### Problem statement
Among the lines below, take the one holding "Paradise Pines Poa", the one holding "Дитяча прогулянкова коляска", and all lines between them. Set them down exactly.

### The records
== Segment start ==

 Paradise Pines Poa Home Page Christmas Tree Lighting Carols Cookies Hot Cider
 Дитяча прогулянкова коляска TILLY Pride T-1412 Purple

== Segment end ==
== Segment start ==

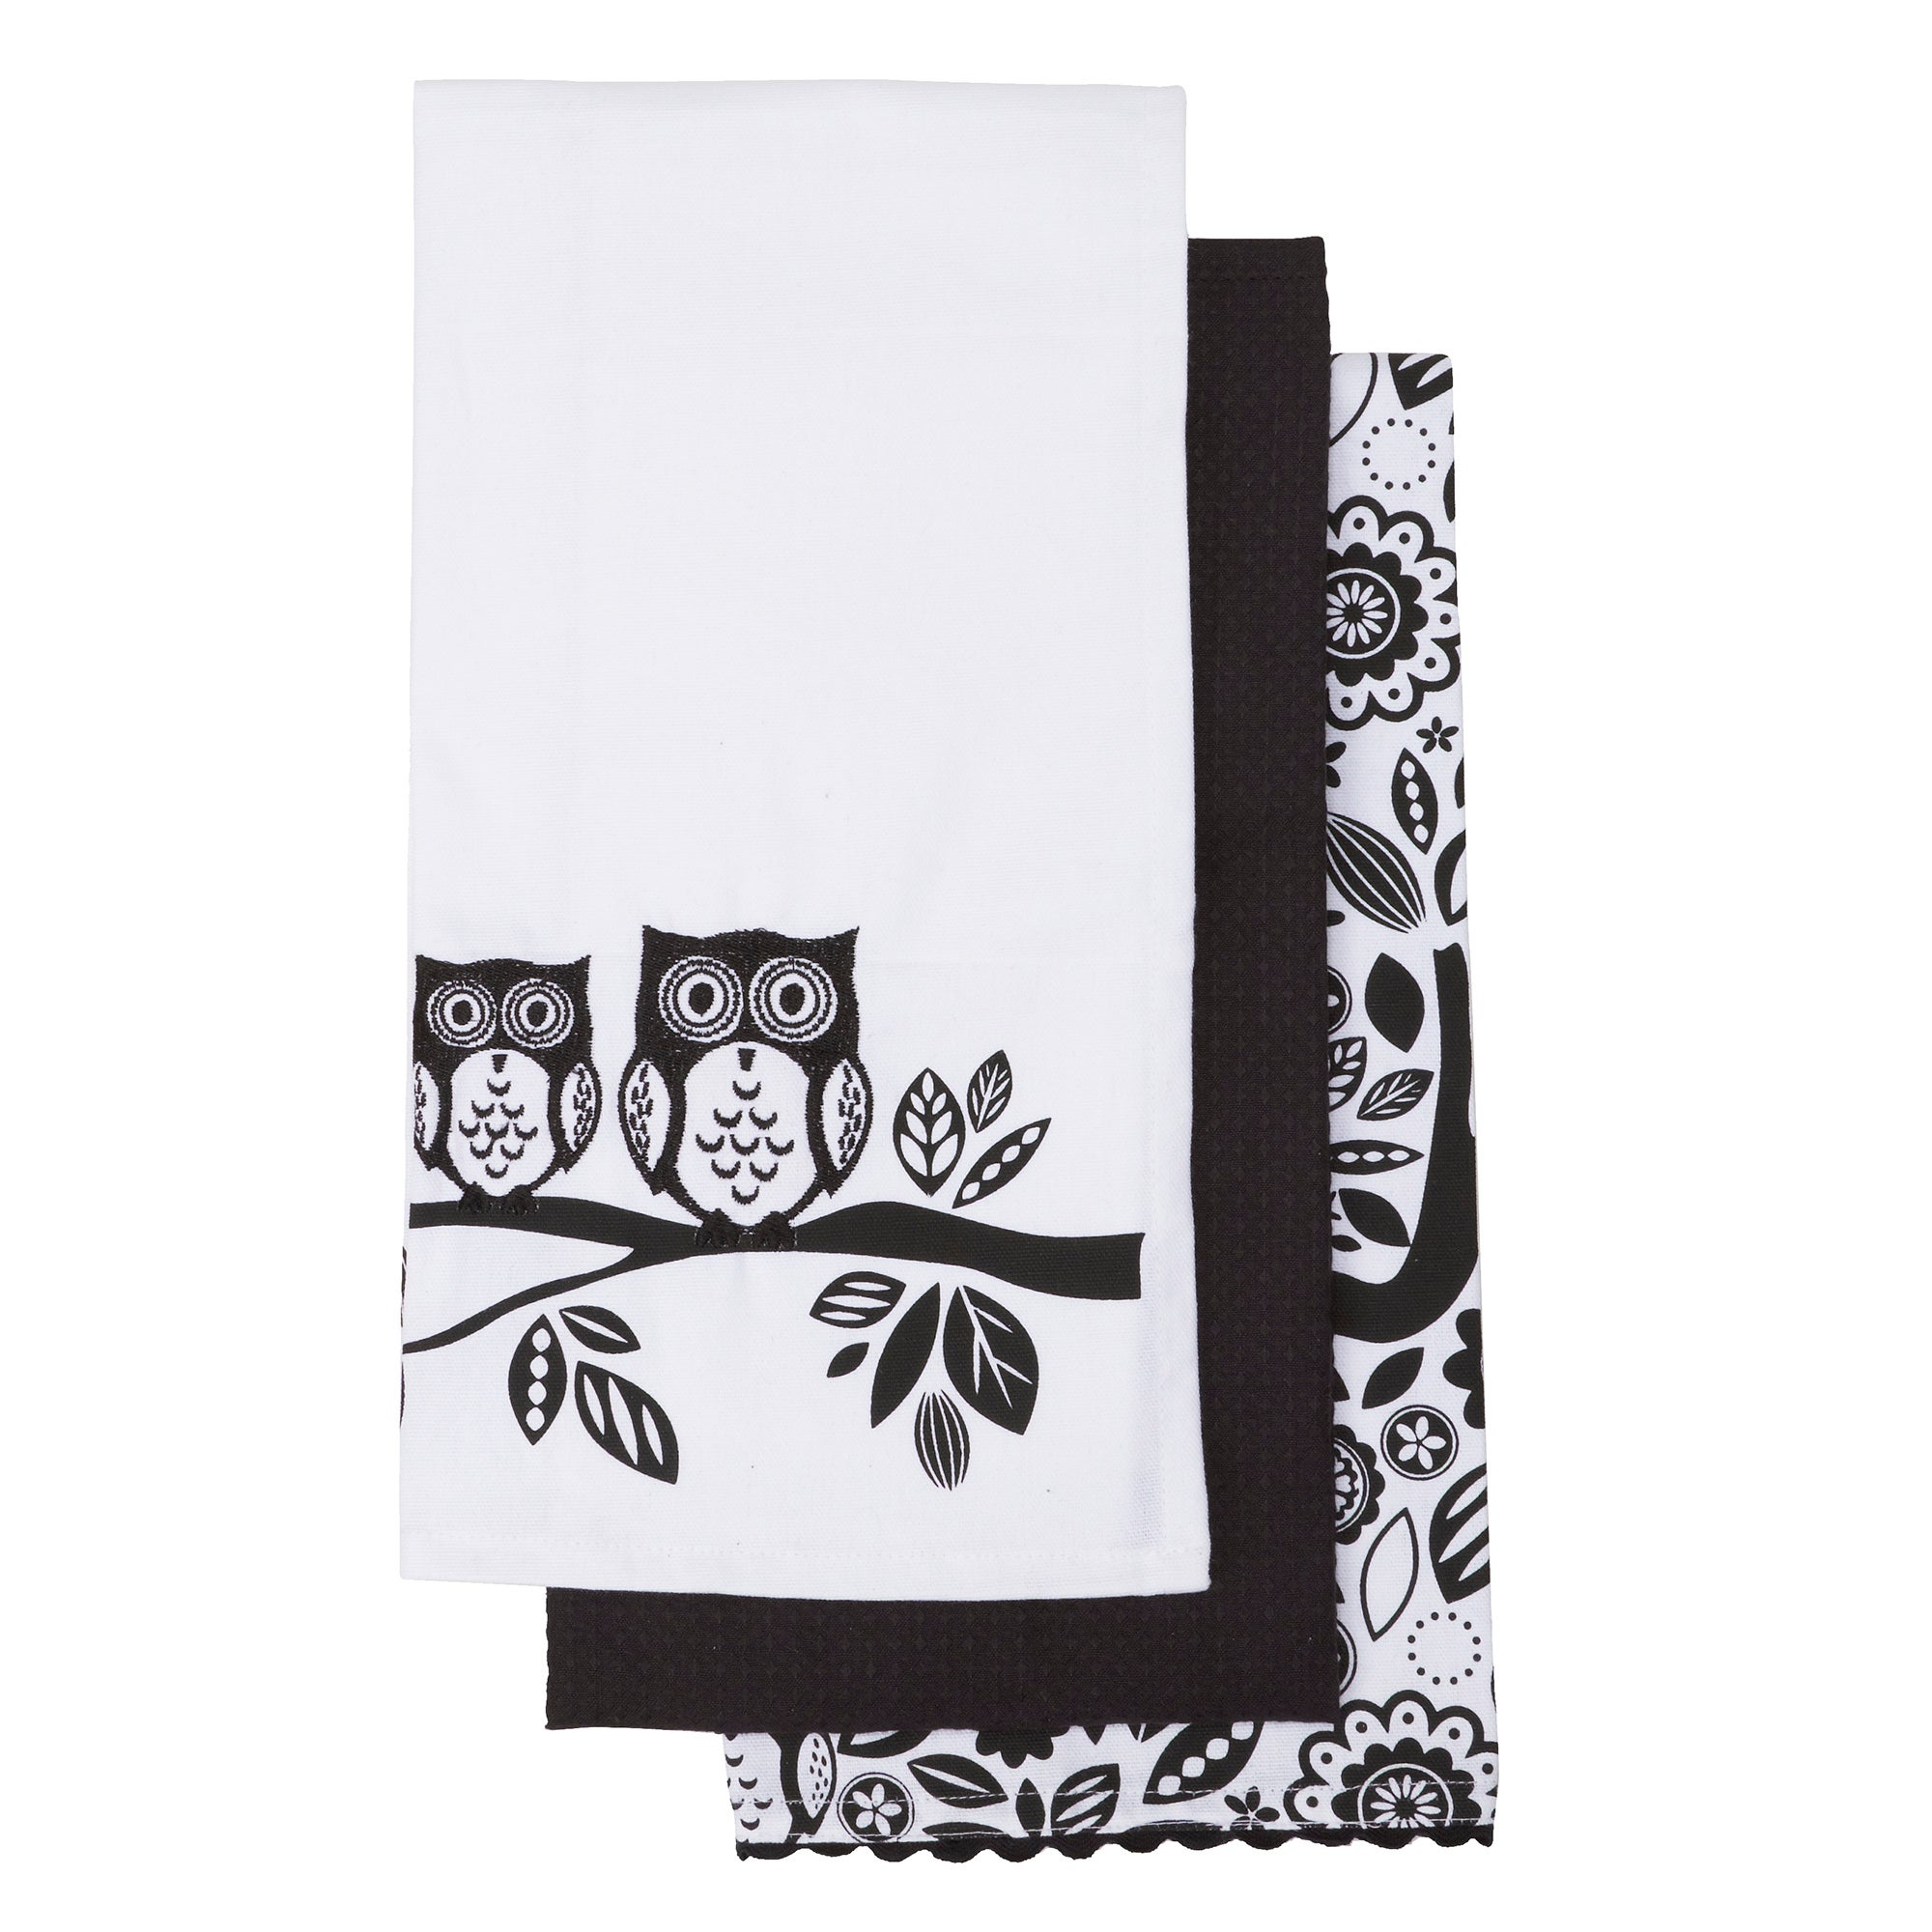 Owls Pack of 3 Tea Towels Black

== Segment end ==
== Segment start ==

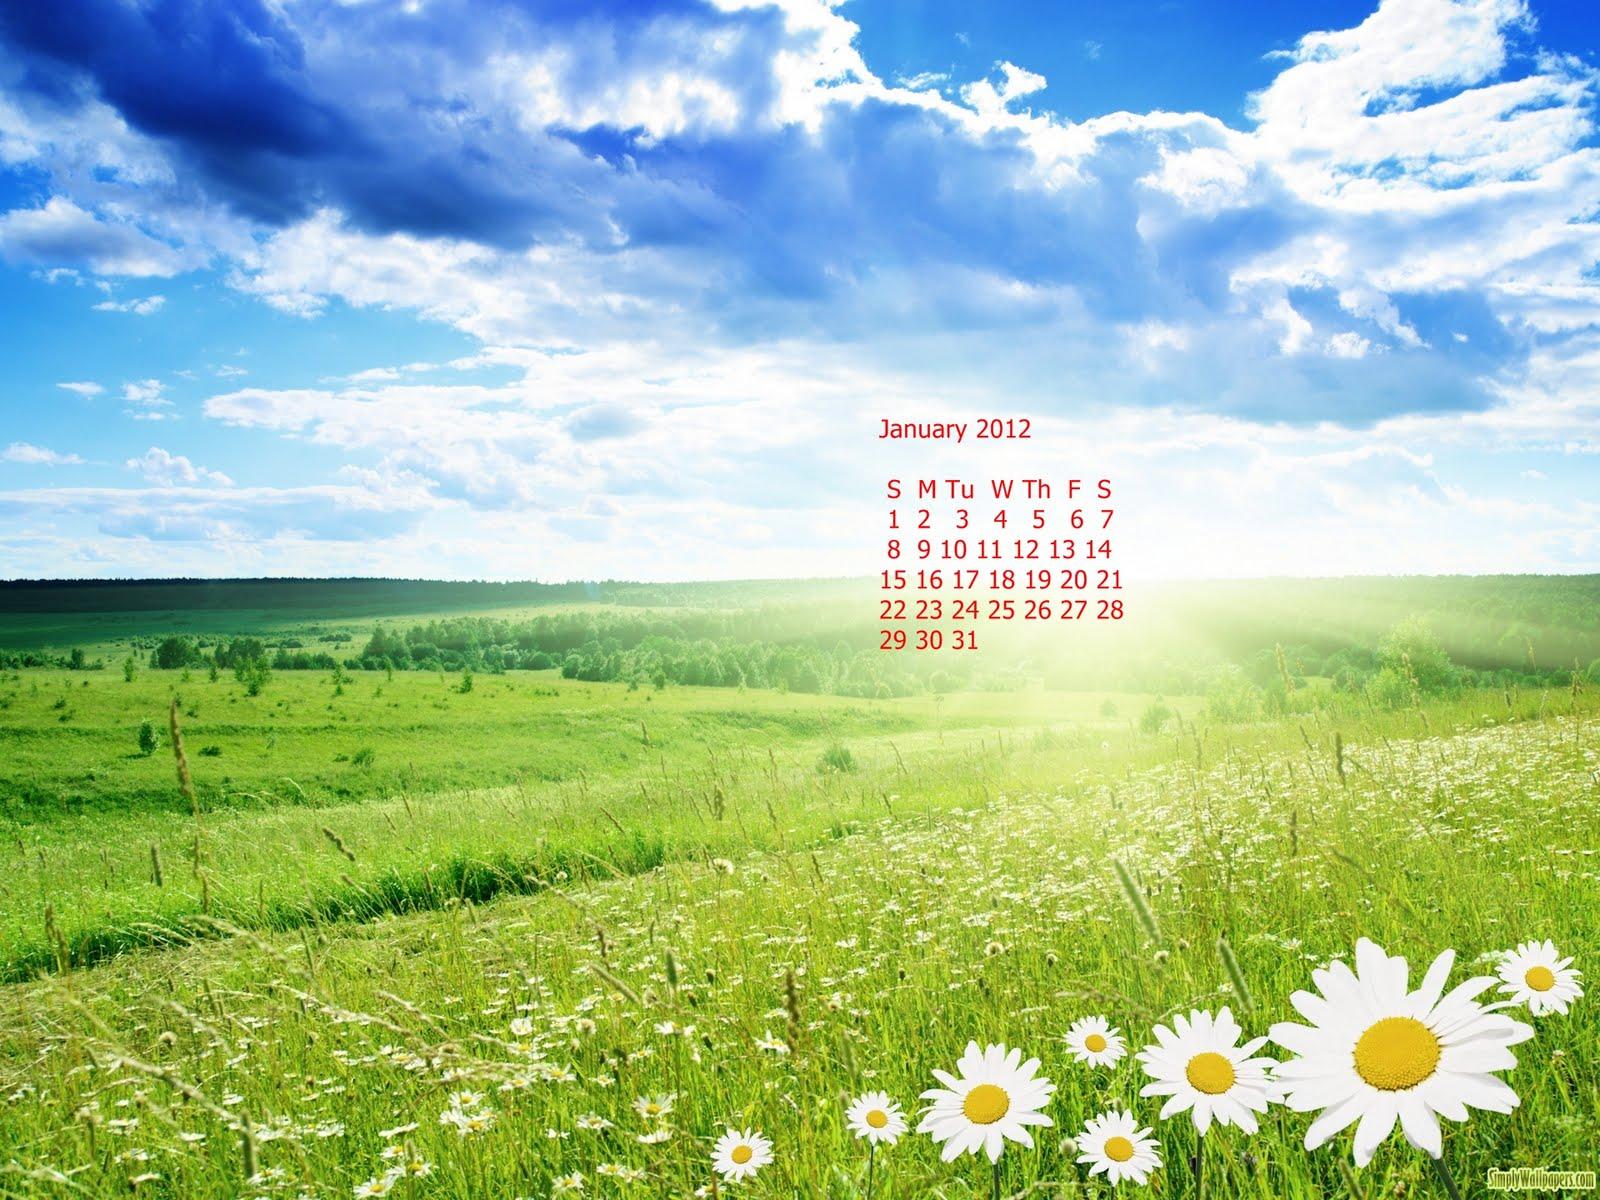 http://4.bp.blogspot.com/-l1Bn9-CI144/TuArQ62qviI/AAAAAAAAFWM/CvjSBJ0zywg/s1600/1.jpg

== Segment end ==

### Answer below
 Paradise Pines Poa Home Page Christmas Tree Lighting Carols Cookies Hot Cider
 Дитяча прогулянкова коляска TILLY Pride T-1412 Purple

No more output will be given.